This archive generally contains structured metadata—often in RDF or CSV format—linking millions of URLs to human-categorized topics like "Sports," "Science," or "Arts". "TDDLI" often refers to specialized subsets used in academic papers or machine learning models. Strengths:
Since DMOZ officially closed in March 2017, a significant portion of the URLs in this archive may lead to dead links or parked domains.
About Dataset. This is an url classification dataset from dmoz directory. There are 15 class for classification.
Highly recommended for researchers looking to train text-classification models or explore the historical structure of the early-to-mid-2000s internet. Community Perspectives
Unlike machine-generated lists, DMOZ data was curated by over 90,000 volunteer editors, making the classifications highly accurate for its time.
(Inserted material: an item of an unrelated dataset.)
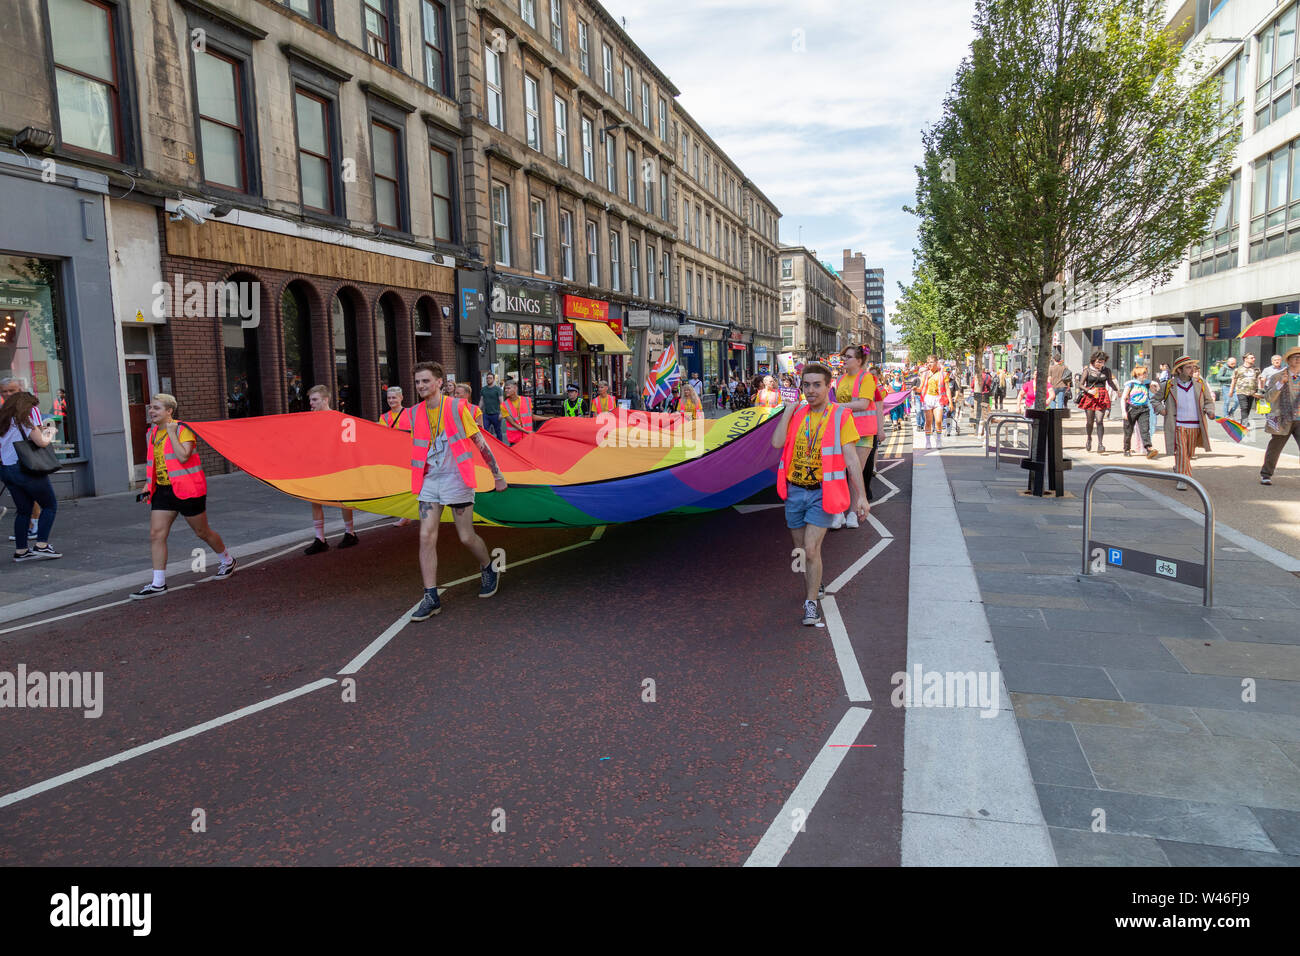 Glasgow, Royaume-Uni. 20 juillet 2019. Le tout premier événement de la fierté LGBT Gla samedi débute avec une marche de Glasgow Kelvingrove Park's à George Square. Après un line-up d'animations est prévu à l'Samedi festival Gla noeud du Strathclyde University Student Union. Banque D'Images

This archive generally contains structured metadata—often in RDF or CSV format—linking millions of URLs to human-categorized topics like "Sports," "Science," or "Arts". "TDDLI" often refers to specialized subsets used in academic papers or machine learning models. Strengths:
Since DMOZ officially closed in March 2017, a significant portion of the URLs in this archive may lead to dead links or parked domains.
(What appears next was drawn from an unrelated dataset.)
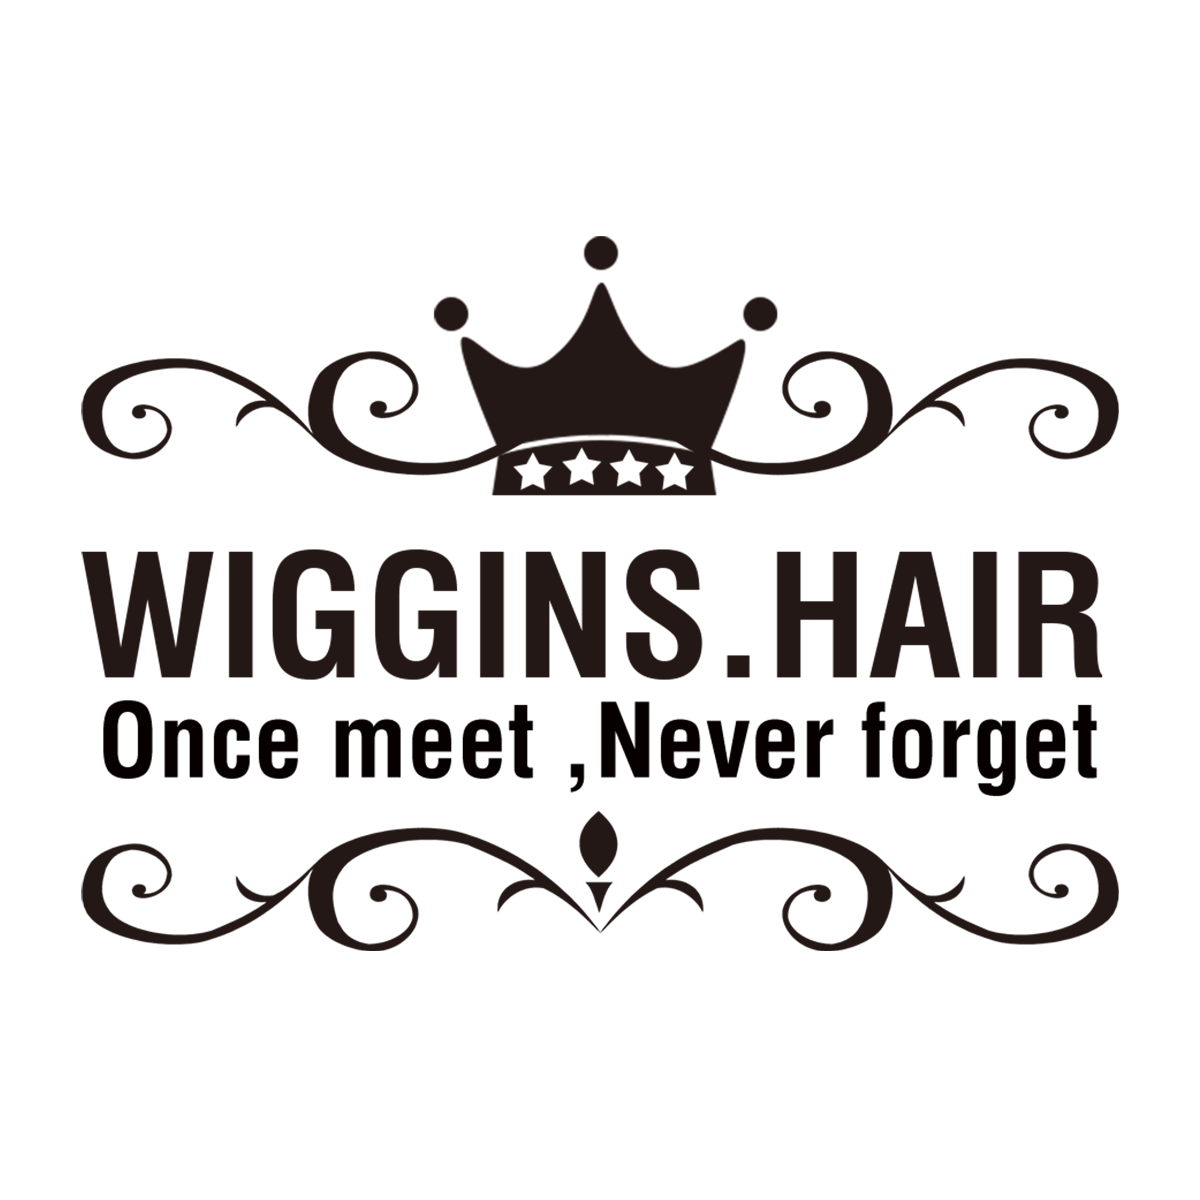 Wiggins Hair Happy Graduation season is coming

About Dataset. This is an url classification dataset from dmoz directory. There are 15 class for classification.
Highly recommended for researchers looking to train text-classification models or explore the historical structure of the early-to-mid-2000s internet. Community Perspectives
Unlike machine-generated lists, DMOZ data was curated by over 90,000 volunteer editors, making the classifications highly accurate for its time.